Article below, based on views of three or so retired senior military officers, two of them former Service TJAGs, takes an unfortunate tack on Manning’s treachery. Their contention is that command and systemic failures set conditions for Manning to compromise documents. They assert that since he was “juniorest guy in the office,” everybody but him was responsible for what he did. I disagree. Responsibility for security is absolutely an individual one. Individuals sign general nondisclosure agreement SF-312 and other program-specific non-disclosure agreements as a priori conditions of access. Rules are stated up front. Personnel security clearances, training, and indoctrination are approaches used for our side. Gates, guards, guns, and all technical computer stuff are oriented against adversaries. Manning should have been able to work in a totally open storage area with hardcopy and softcopy documents of all classifications immediately at hand without anyone having to worry about him. Further, as we know, decision to commit treason is a profoundly individual one, often facilitated and rationalized by adversaries through considerations of sex, money, ideology, compromise, ego, excitement, etc. Individuals are supposed to individually withstand and deflect such adversary facilitations and inducements. So, in my mind, Manning is party at fault here. If justice system cannot generate a capital conviction for him, then he should go way of Jonathan Pollard, Israeli agent within NIS — life in prison, throw away key, No compassion on my part for either.
After 19 months in military prisons — much of the time in solitary confinement — Pfc. Bradley Manning finally emerged over the past week from the netherworld to which he has been confined since his arrest in the largest breach of classified information in U.S. history.
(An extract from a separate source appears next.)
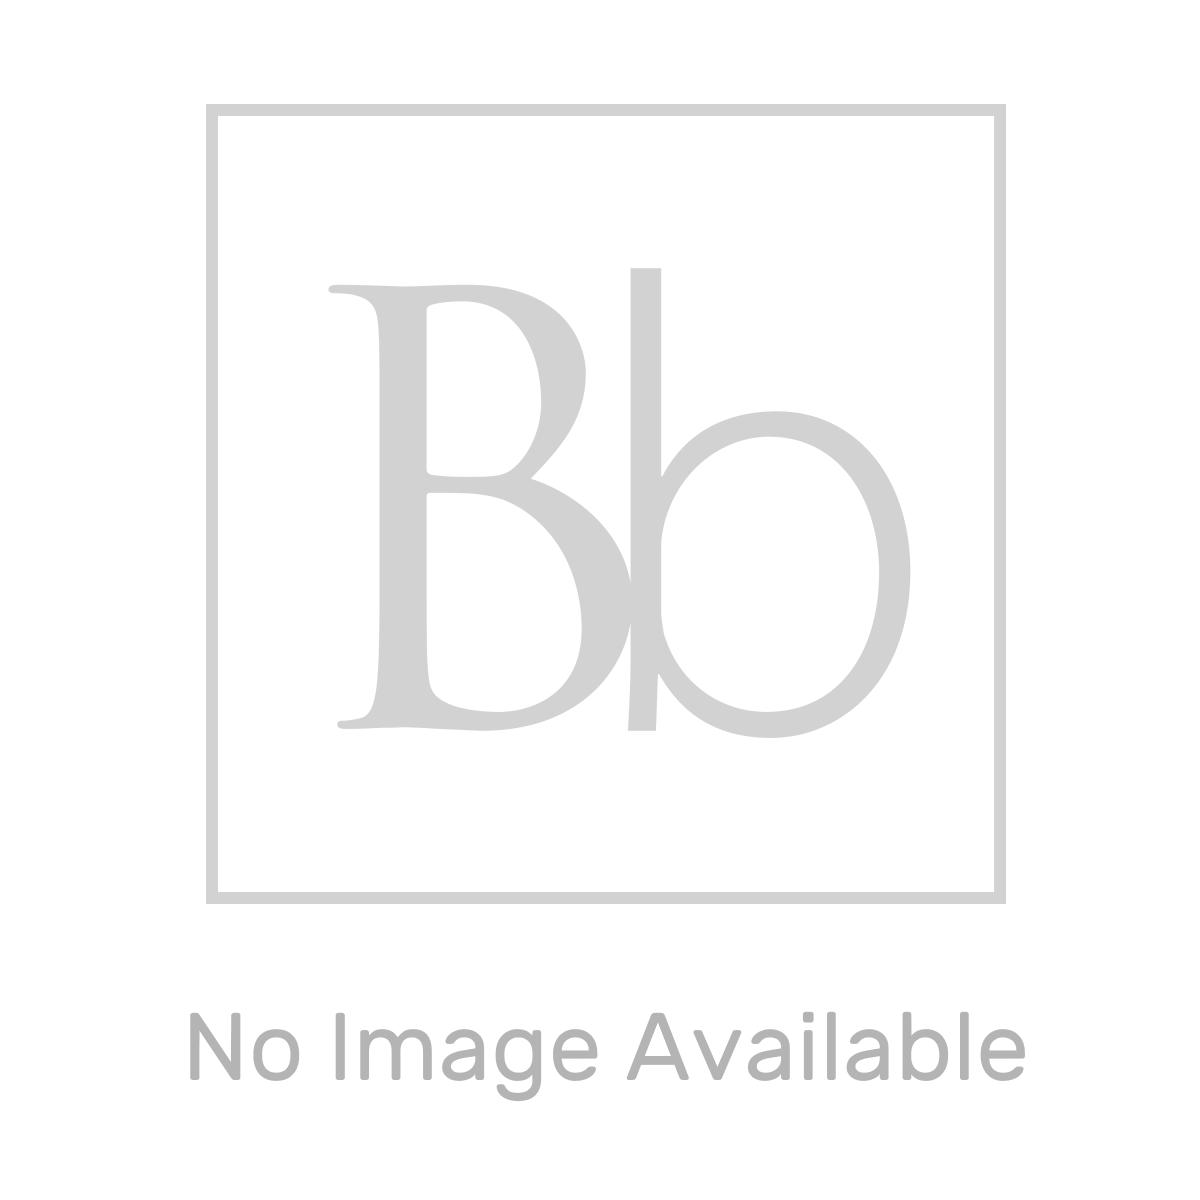 April Rectangular Anti Slip Shower Tray 900 x 760 Line Drawing

Seven days of hearings at Fort Meade, Md., produced what the prosecution called “overwhelming” evidence that the low-ranking Army intelligence analyst was the one who sent hundreds of thousands of military reports and diplomatic cables to the transparency website WikiLeaks.
Phi Beta Iota: All issues can be looked at on many levels, the most obvious being strategic, operational, tactical, and technical. As Robert Steele outlined in ON INTELLIGENCE: Spies and Secrecy in an Open World (AFCEA, 2000), the system was then and is now a failure at all four levels. The above article touches on just two of the four levels, the technical and the tactical.